# Outbreak of SARS-CoV-2 in a geriatric acute-care ward during summer 2023: current aspects of infection control in the postpandemic period

**Authors:** Bettina Lange, Gracinda Mesquita, Heinrich Burkhardt, Marlis Gerigk, Alexandra Heininger

PMC · DOI: 10.3205/dgkh000457 · GMS Hygiene and Infection Control · 2024-01-30

## TL;DR

This paper describes how a SARS-CoV-2 outbreak was managed in a geriatric ward using PCR testing, cohorting, and isolation to prevent spread and protect vulnerable patients.

## Contribution

The study provides practical insights into outbreak management in geriatric wards during the post-pandemic period.

## Key findings

- PCR screening and temporary admission stops helped control the outbreak effectively.
- Repeating PCR tests on day 3 and 5 enabled early antiviral treatment and reduced isolation time.
- No deaths occurred, and protective measures like masks and employee monitoring were crucial in preventing further infections.

## Abstract

Management of a SARS-CoV-2 outbreak in geriatric patients, taking into account the transition to the post-pandemic period.

PCR tests were conducted to identify the scale of infection during the outbreak; no new patients were admitted to the ward until the availability of the PCR results.
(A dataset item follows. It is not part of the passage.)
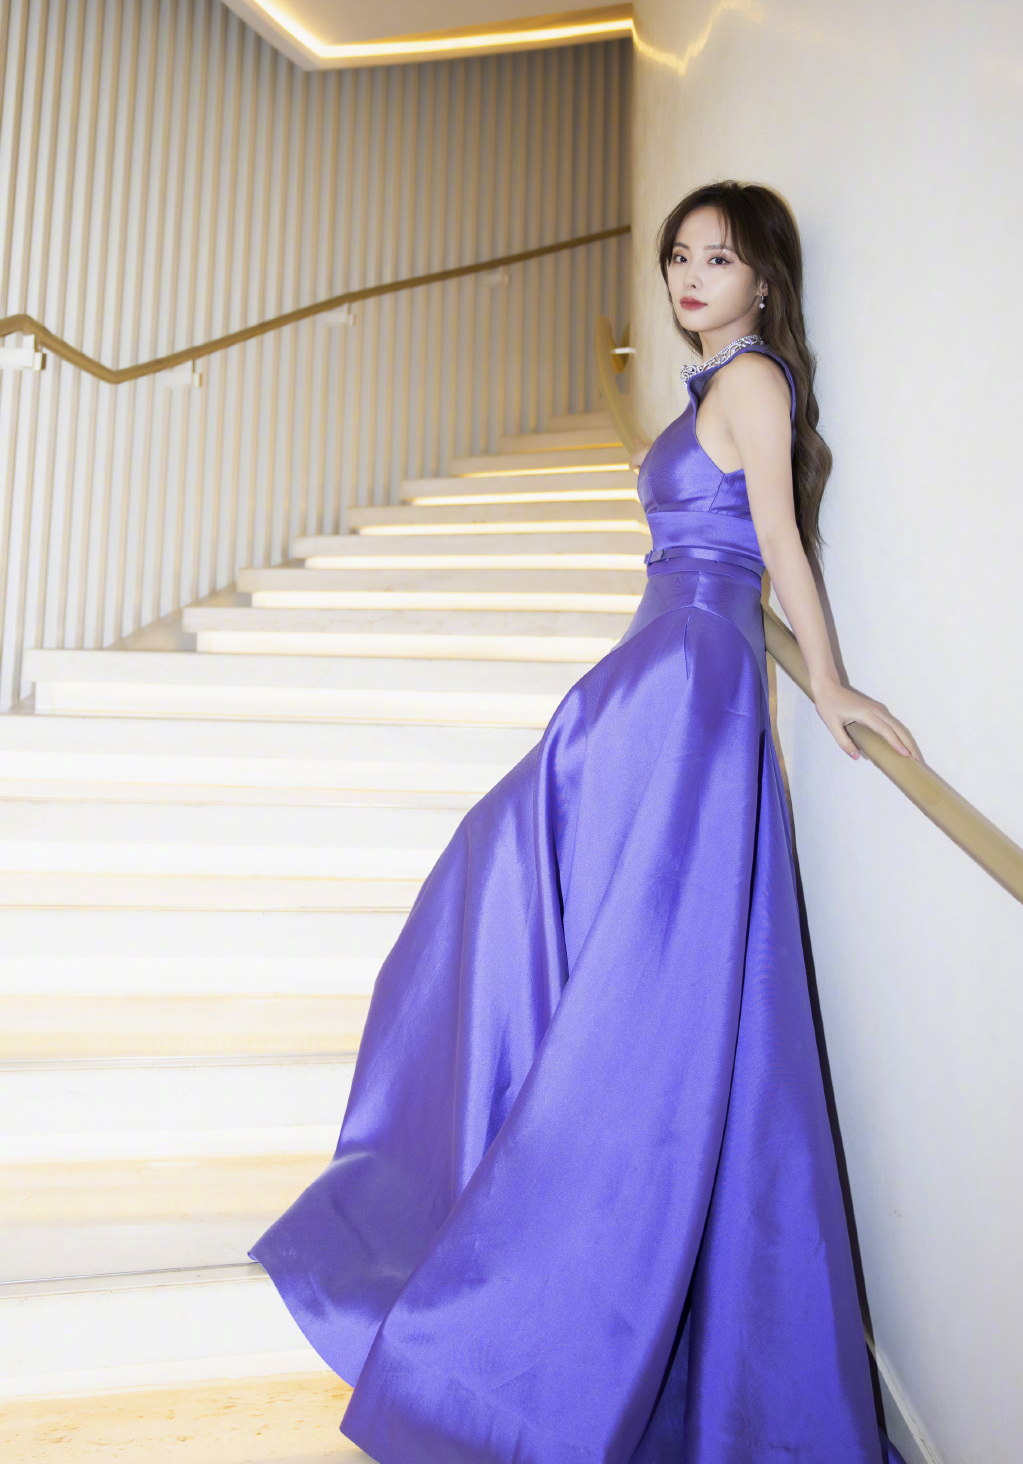 她一袭紫色流光公主裙神秘又美丽。

Based on the results and individual risk assessment, three cohorts were formed and treated as recommended by the RKI. After terminating the admissions stop, new admissions received PCR screening. Contact patients were retested on days 3 and 5. Employees carried out self-monitoring, and if symptoms developed, an antigen test was performed.

Nine of the 11 PCR-positive patients (6m, 5f), median age 85 years, were immunized. Eight patients were symptomatic, ten received antiviral therapy and two required intensive care. Three symptomatic employees had a positive antigen test. Patients without direct contact to the positive cases who initially tested negative and the 16 new admissions with a negative PCR test did not contract COVID-19. Outbreak management ended after 15 days without deaths from COVID-19.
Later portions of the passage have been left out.